[[ DATA EXTRACT open ]]

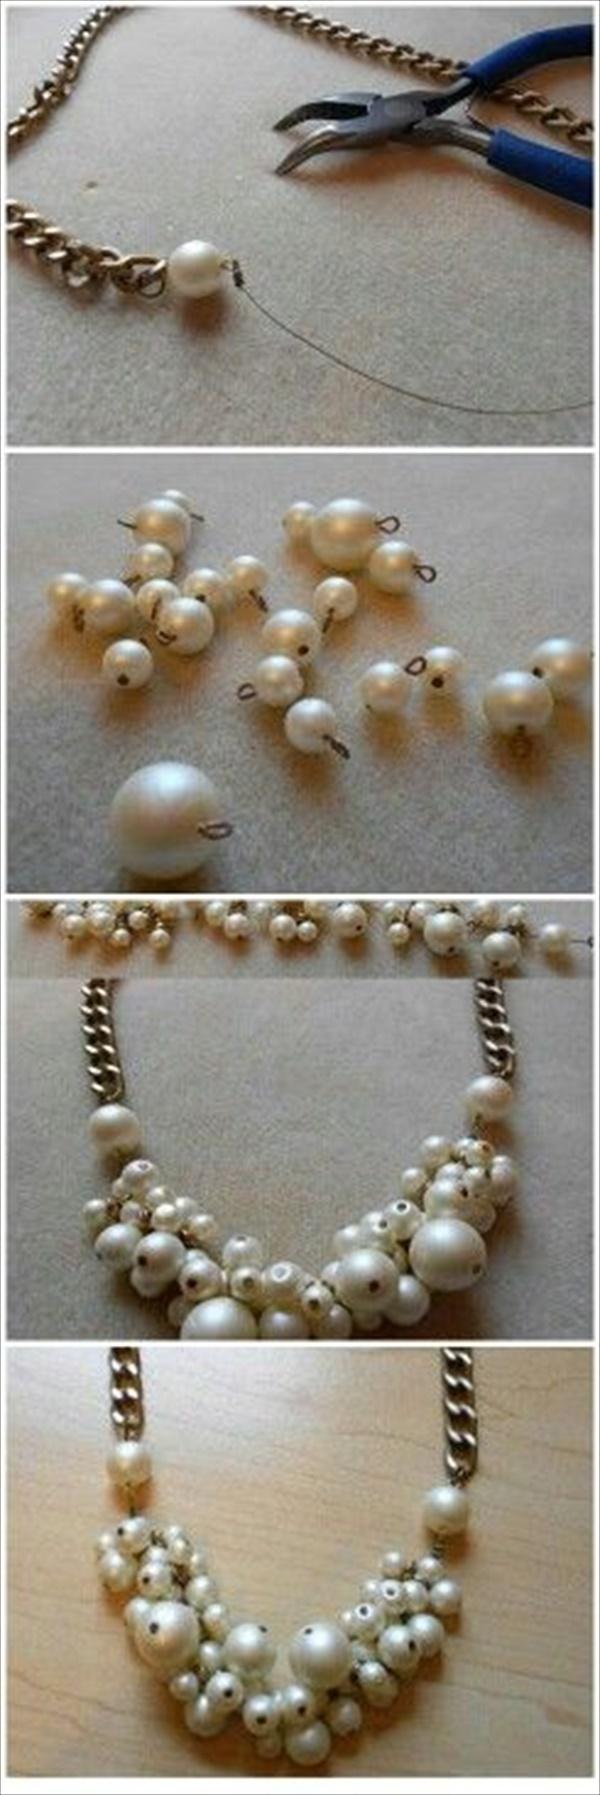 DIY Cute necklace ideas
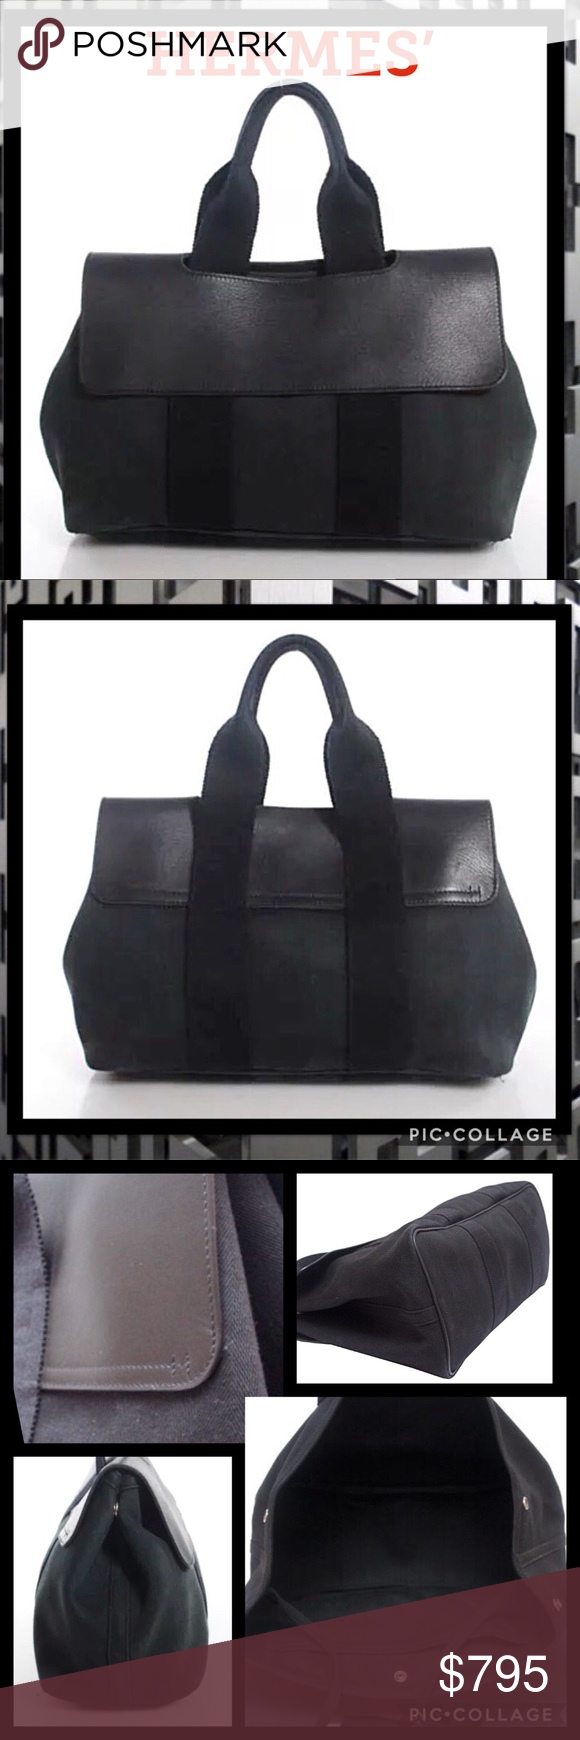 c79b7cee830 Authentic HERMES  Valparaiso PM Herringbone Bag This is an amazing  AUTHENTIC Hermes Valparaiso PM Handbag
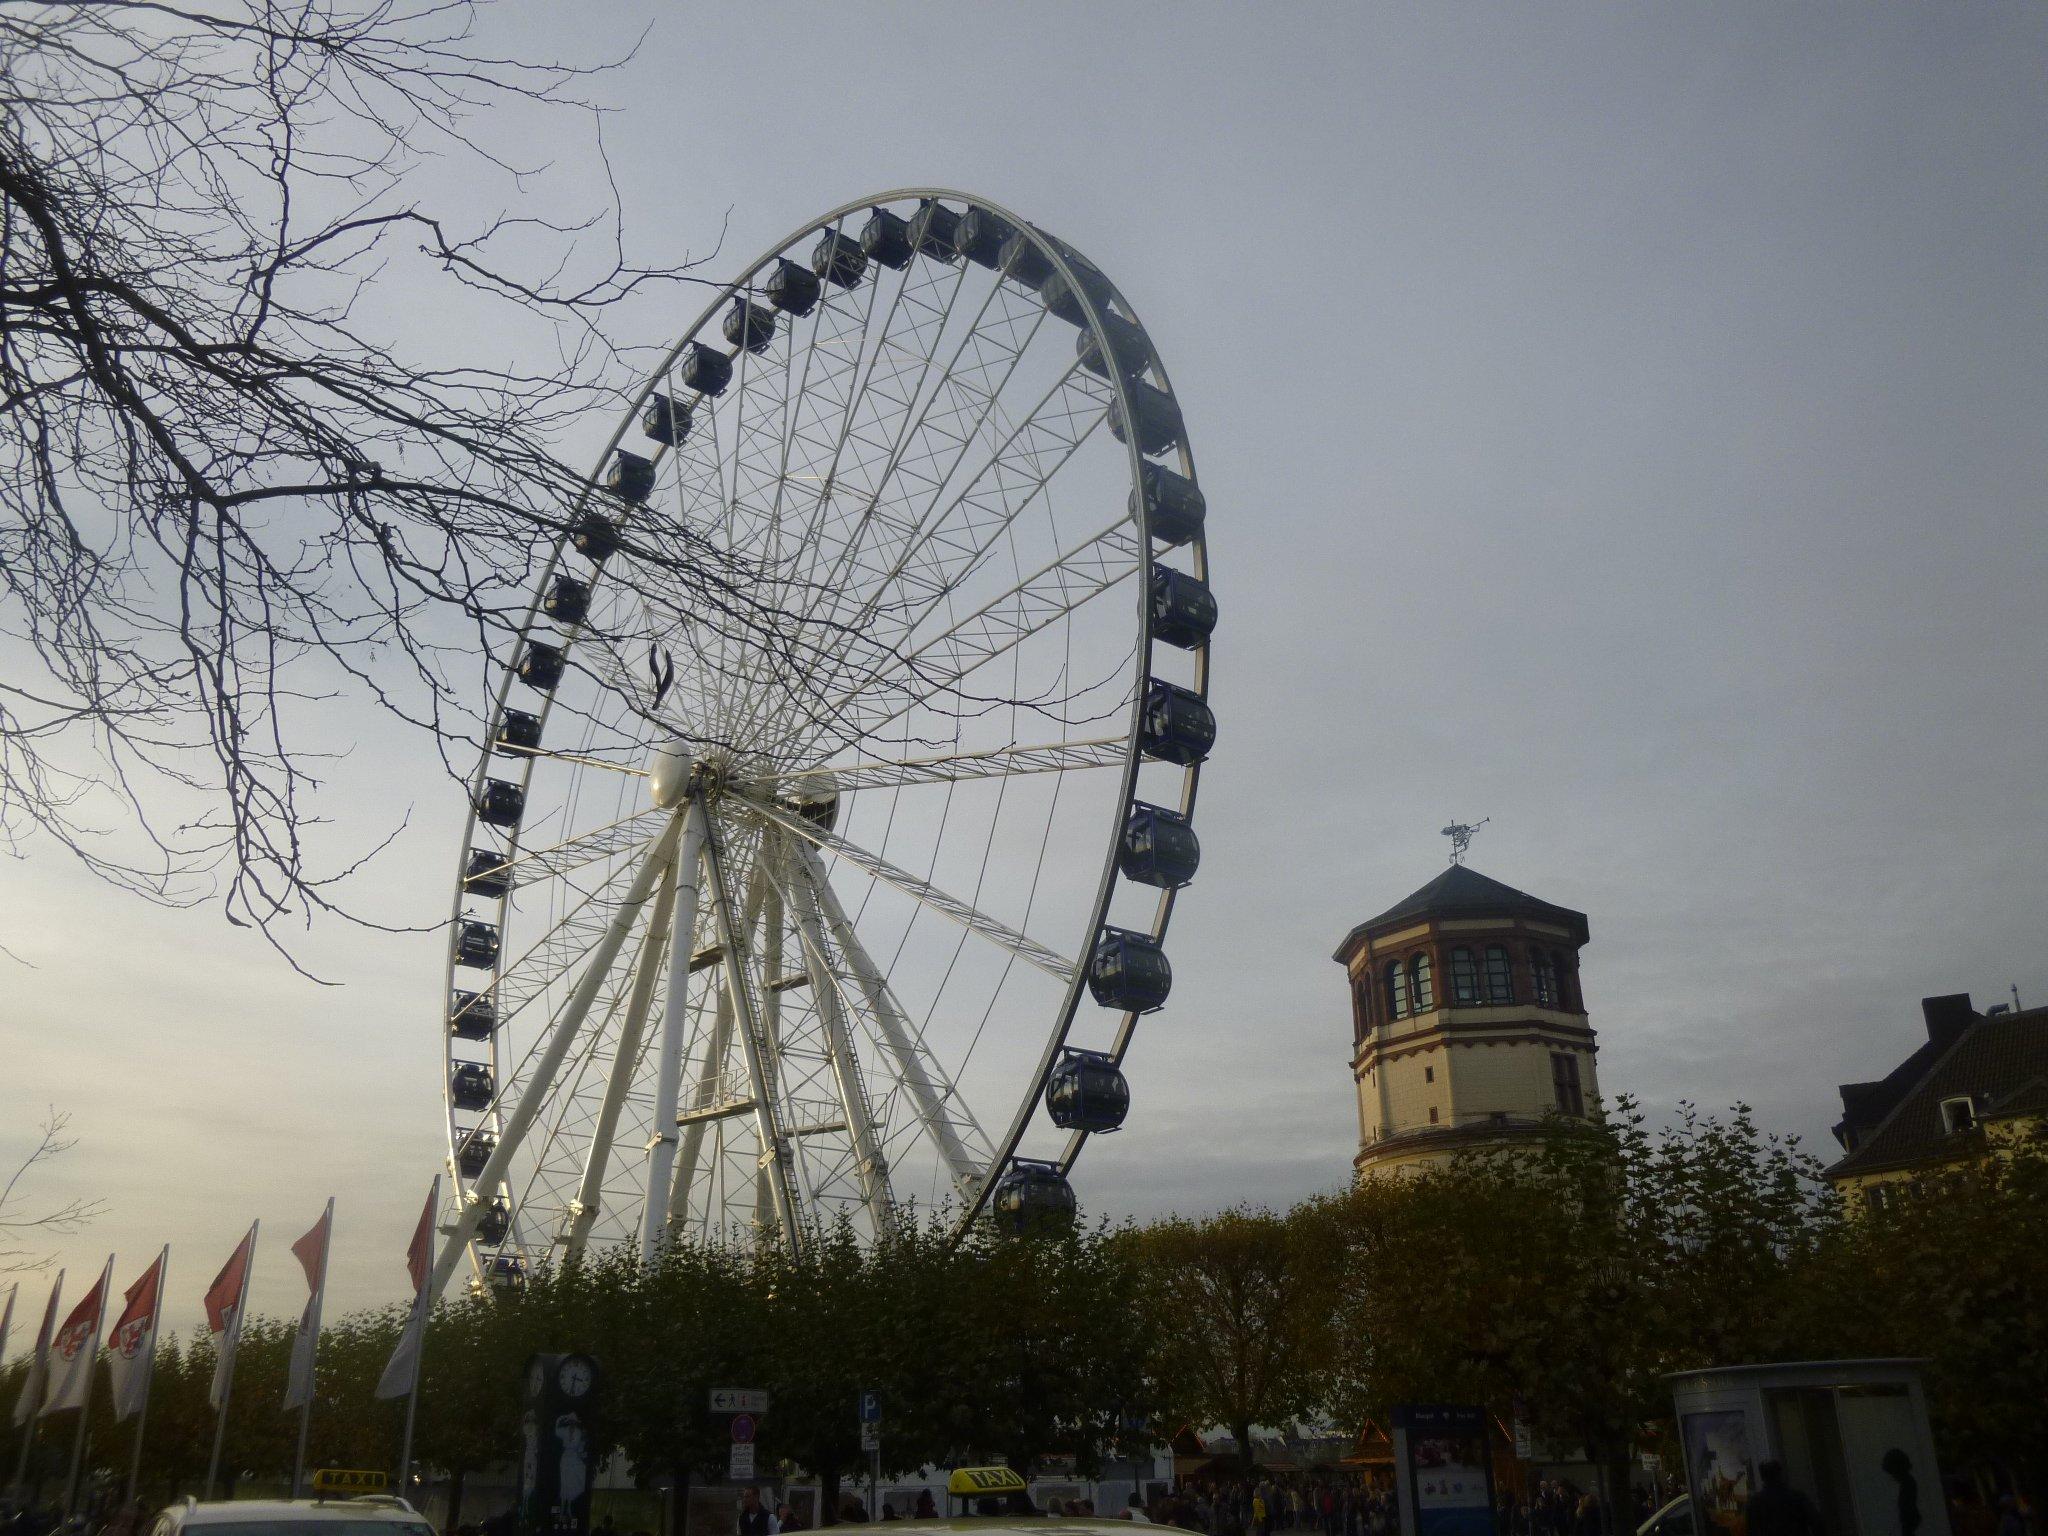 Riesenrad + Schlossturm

[[ DATA EXTRACT closed ]]

▶ [INSTRUCTIONS TO FOLLOW] Write the material out again exactly. Skip each picture.

▶ [THE COMPLETED TASK]
 DIY Cute necklace ideas
 c79b7cee830 Authentic HERMES  Valparaiso PM Herringbone Bag This is an amazing  AUTHENTIC Hermes Valparaiso PM Handbag
 Riesenrad + Schlossturm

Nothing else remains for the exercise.